Доктор осмотрел руку Люсьена и предписал ему полный покой в течение недели.

– Оставьте всякие припарки, не применяйте никаких средств и, если не появится осложнений, забудьте об этой царапине.

Люсьен нашел, что, в то время как доктор Дю Пуарье осматривал его рану и выслушивал пульс, взор его был бесподобен. Покончив с этим, Дю Пуарье сразу же вернулся к своей основной мысли – о том, что Луи-Филипп не сможет долго управлять государством[31 - Это говорит легитимист, подобно тому как выше говорил республиканец. – Примеч. автора.].

Наш герой довольно легкомысленно вообразил, что он, не прилагая никаких усилий, позабавится насчет провинциального остроумия профессионального врача; он убедился, что провинциальная логика стоит большего, чем провинциальные стишки. Он не только не разыграл Дю Пуарье, но ему пришлось затратить немало труда, чтобы самому не попасть в смешное положение. Одно было бесспорным: при виде столь необычного зверя он совершенно исцелился от скуки.

Дю Пуарье можно было дать лет пятьдесят; у него были крупные и очень характерные черты лица. Серо-зеленые глаза, глубоко сидевшие в орбитах, двигались, вращались с удивительной быстротой и, казалось, метали искры; ради них можно было простить доктору его поразительно длинный нос, отделявший их друг от друга. В целом ряде ракурсов этот несчастный нос придавал физиономии Дю Пуарье сходство с мордой проворной лисицы – большое неудобство для апостола. К сожалению, если присмотреться поближе, сходство это довершалось густым лесом рыжеватых, весьма рискованного оттенка волос, торчавших дыбом на лбу и на висках. В общем, раз увидав это лицо, его уже нельзя было забыть; в Париже оно, быть может, отпугнуло бы дураков, в провинции же, где люди скучают, с готовностью приемлется все, что обещает хоть маленький интерес, и доктор пользовался успехом.

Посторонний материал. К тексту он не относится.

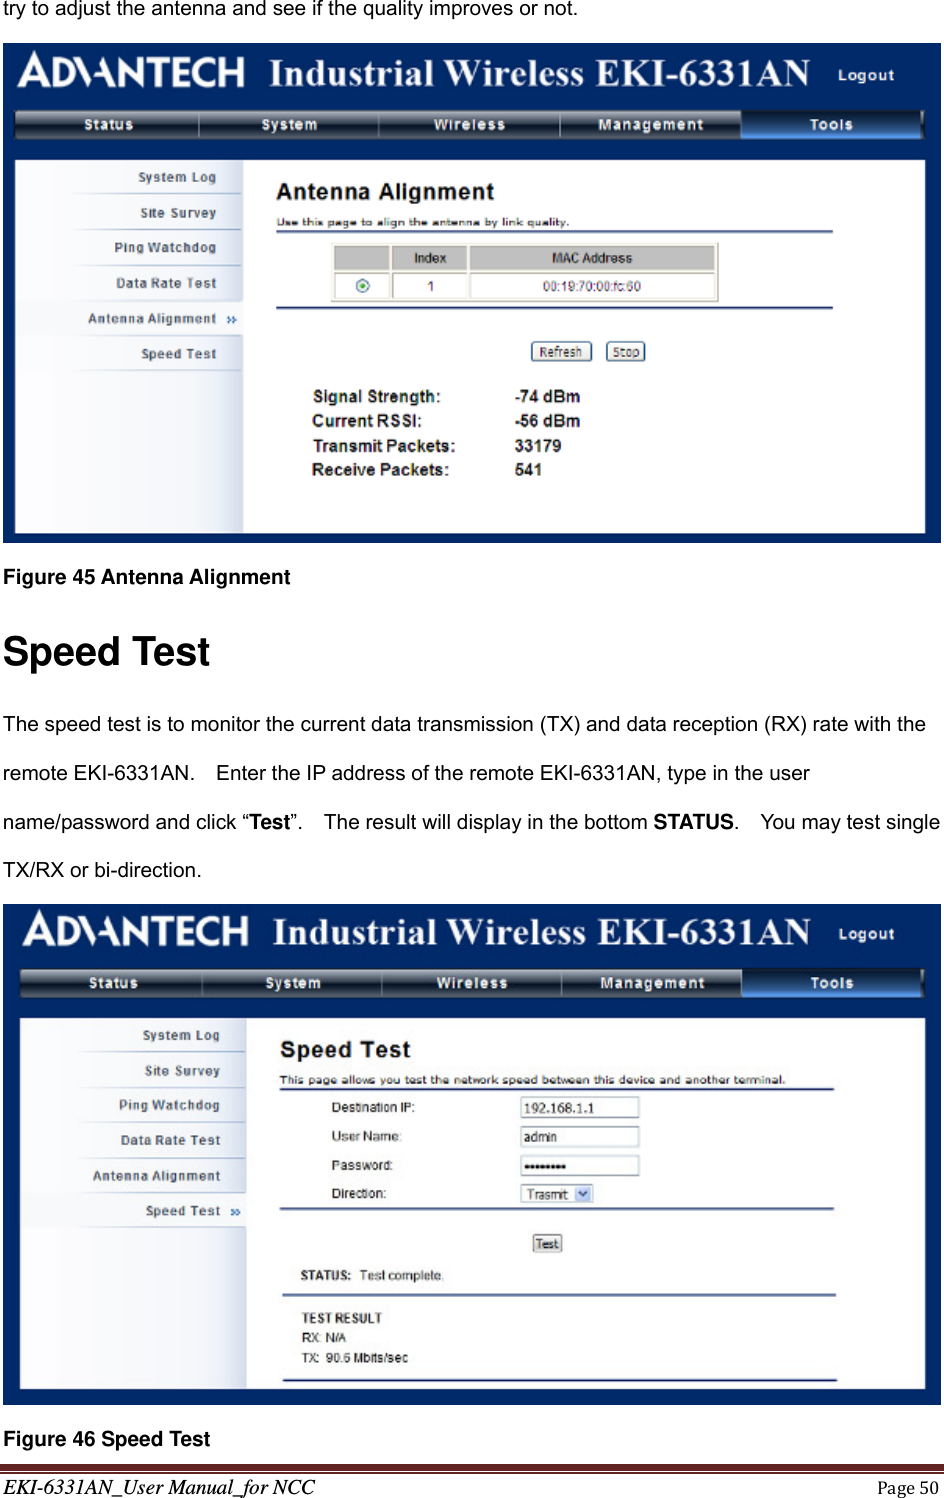 EKI-6331AN_User Manual_for NCCPage50try to adjust the antenna and see if the quality improves or not.  Figure 45 Antenna Alignment Speed Test The speed test is to monitor the current data transmission (TX) and data reception (RX) rate with the remote EKI-6331AN.    Enter the IP address of the remote EKI-6331AN, type in the user name/password and click “Test”.    The result will display in the bottom STATUS.    You may test single TX/RX or bi-direction.  Figure 46 Speed Test

У него были вульгарные манеры и наряду с этим необычайная, поражавшая воображение физиономия. Когда доктор считал, что он уже убедил своего противника (а он, обращаясь к собеседнику, всегда имел перед собой противника, которого надлежало переубедить, или сторонника, которого следовало завербовать), его брови подымались невероятно высоко, а маленькие серые глазки, широко раскрытые, как у гиены, казалось, вот-вот выскочат из орбит. «Даже в Париже, – подумал Люсьен, – эта кабанья морда, этот яростный фанатизм, эти дерзкие, но полные красноречия и энергии повадки спасли бы его от участи быть смешным. Это апостол, это иезуит». И он с крайним любопытством разглядывал его.

Во время этих размышлений доктор перешел к вопросам самой высокой политики; он, видимо, был увлечен. Следовало отменить раздел родовых поместий после кончины главы семейства, следовало прежде всего призвать обратно иезуитов. Что касается старшей ветви, было бы отступничеством выпить во Франции стакан вина до того момента, пока эта ветвь не будет восстановлена во всех своих правах, то есть в Тюильри, и т. д. Ни единым словом господин Дю Пуарье не счел нужным смягчить резкий свет этих великих истин, не счел нужным поступиться в пользу предрассудков своего адепта.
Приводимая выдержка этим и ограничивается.